Another time on a fall vacation in Europe my wife and I found ourselves in Basel. Switzerland. It was 8:30 on a rainy night and we were trying to read a map to find a restaurant near a river. We were fooling with the map under a streetlight in front of a row of 400 year-old buildings. 

A woman in a sleek Mercedes pulled to the curb and asked if she could help us. The elegant woman with a heavy French accent was in her early 60s. After finding out we were Americans she told us to wait where we were. She drove down a narrow alley next to a building. Five minutes later the door to the building we were in front of opened and she invited us in.

We walked into an amazing house that was built in 1590 and was furnished with what would be considered museum pieces here in the United States. Our hostess told us we couldn’t go to restaurant we were searching for. It wasn’t very good and wouldn’t do. She picked up a phone, made a call and reserved a table for us at another restaurant, where she insisted we go. After giving us directions we thanked her, but she stopped us and said she was still thanking Americans for freeing France.
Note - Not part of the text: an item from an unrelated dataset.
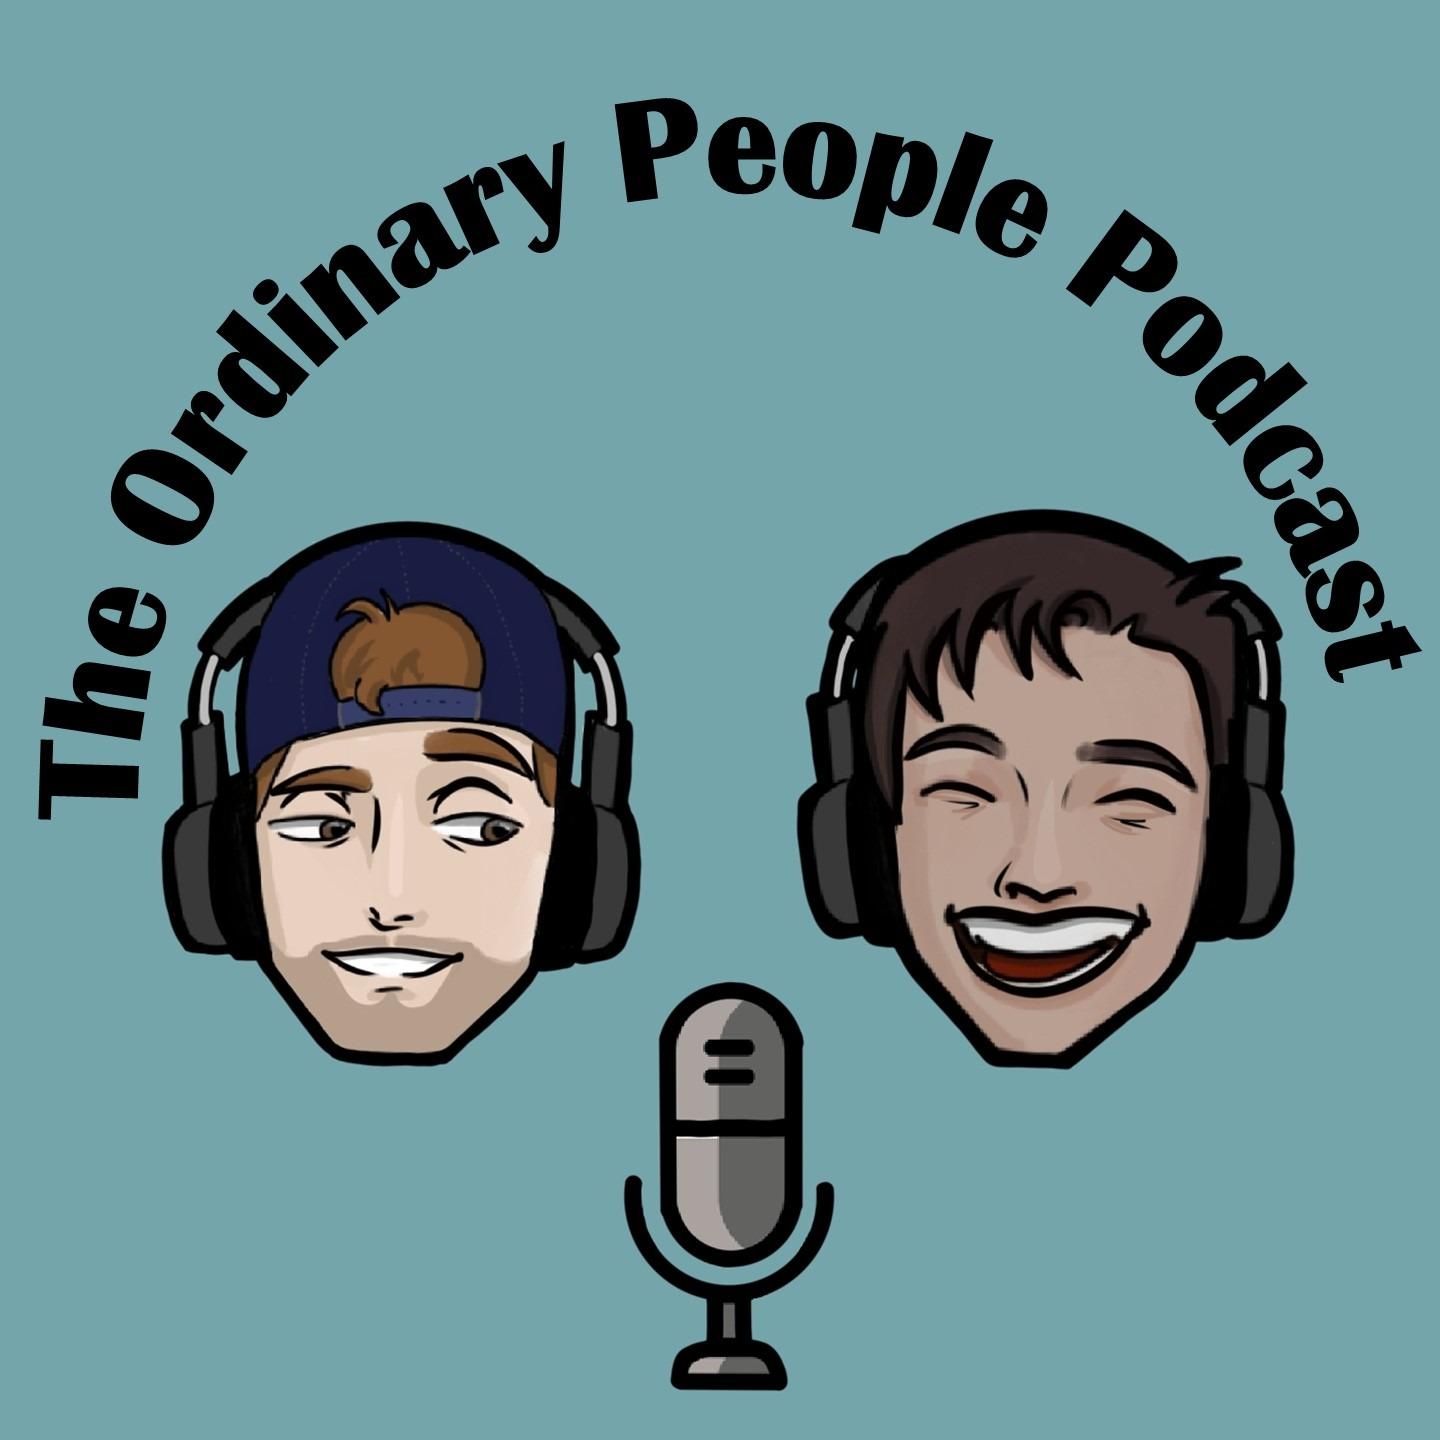 The Ordinary People Podcast

Finally there is Duck Lee. In 1998 while living outside of Washington, DC I had several jobs. One job was that of a sportswriter covering college sports and minor league baseball. Duck Lee, was a pitching coach for one of the local college baseball teams I covered. Once day I asked about his unusual uniform number of 63. It was his age. He sat down and told why it was important that he put his age on his uniform to remind him of a vow he made as a teenager.
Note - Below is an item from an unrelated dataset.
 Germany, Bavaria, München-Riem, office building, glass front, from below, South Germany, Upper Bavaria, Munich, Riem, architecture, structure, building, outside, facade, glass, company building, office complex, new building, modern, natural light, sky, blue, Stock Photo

Duck was born in Manchuria, China in a Korean colony that was later occupied by the invading Japanese troops. At the end of the war his family escaped from China traveling at night on a frozen river, eventually reaching Seoul. His father prospered as a government official and Duck dreamed of playing American baseball in high school.  Before his freshman year of high school, North Korean soldiers had overrun Seoul and Duck’s family went into hiding.

 

After US troops retook Seoul Duck started hanging around a Marine rifle company and for several months using his two-years of grammar school English he acted as an unofficial interrupter for the Marines. He never got to play high school baseball.

“War to many Americans means something that happened far away from America. To me war means something that swept through my town, my school and my home. It killed all sports, not just baseball,” said Lee.

Lee eventually came to the United States for college attending Shippenberg University in Pennsylvania. He tried out for the baseball team but did not make the varsity squad until his senior year as a relief pitcher. He stayed in the United States and retired from Bell Atlantic in 1995.   

After his retirement Duck coached baseball and stayed in contact with some of the Marines who had befriended him during the Korean War,

“I vowed I would not allow the Communists to steal baseball from me and I thank the American soldiers and Marines who allowed me to eventually play and now coach,” said Lee.

Three brief stories tell a bigger tale of what the sacrifices of Americans from 65 and 70 years ago mean to people around the world.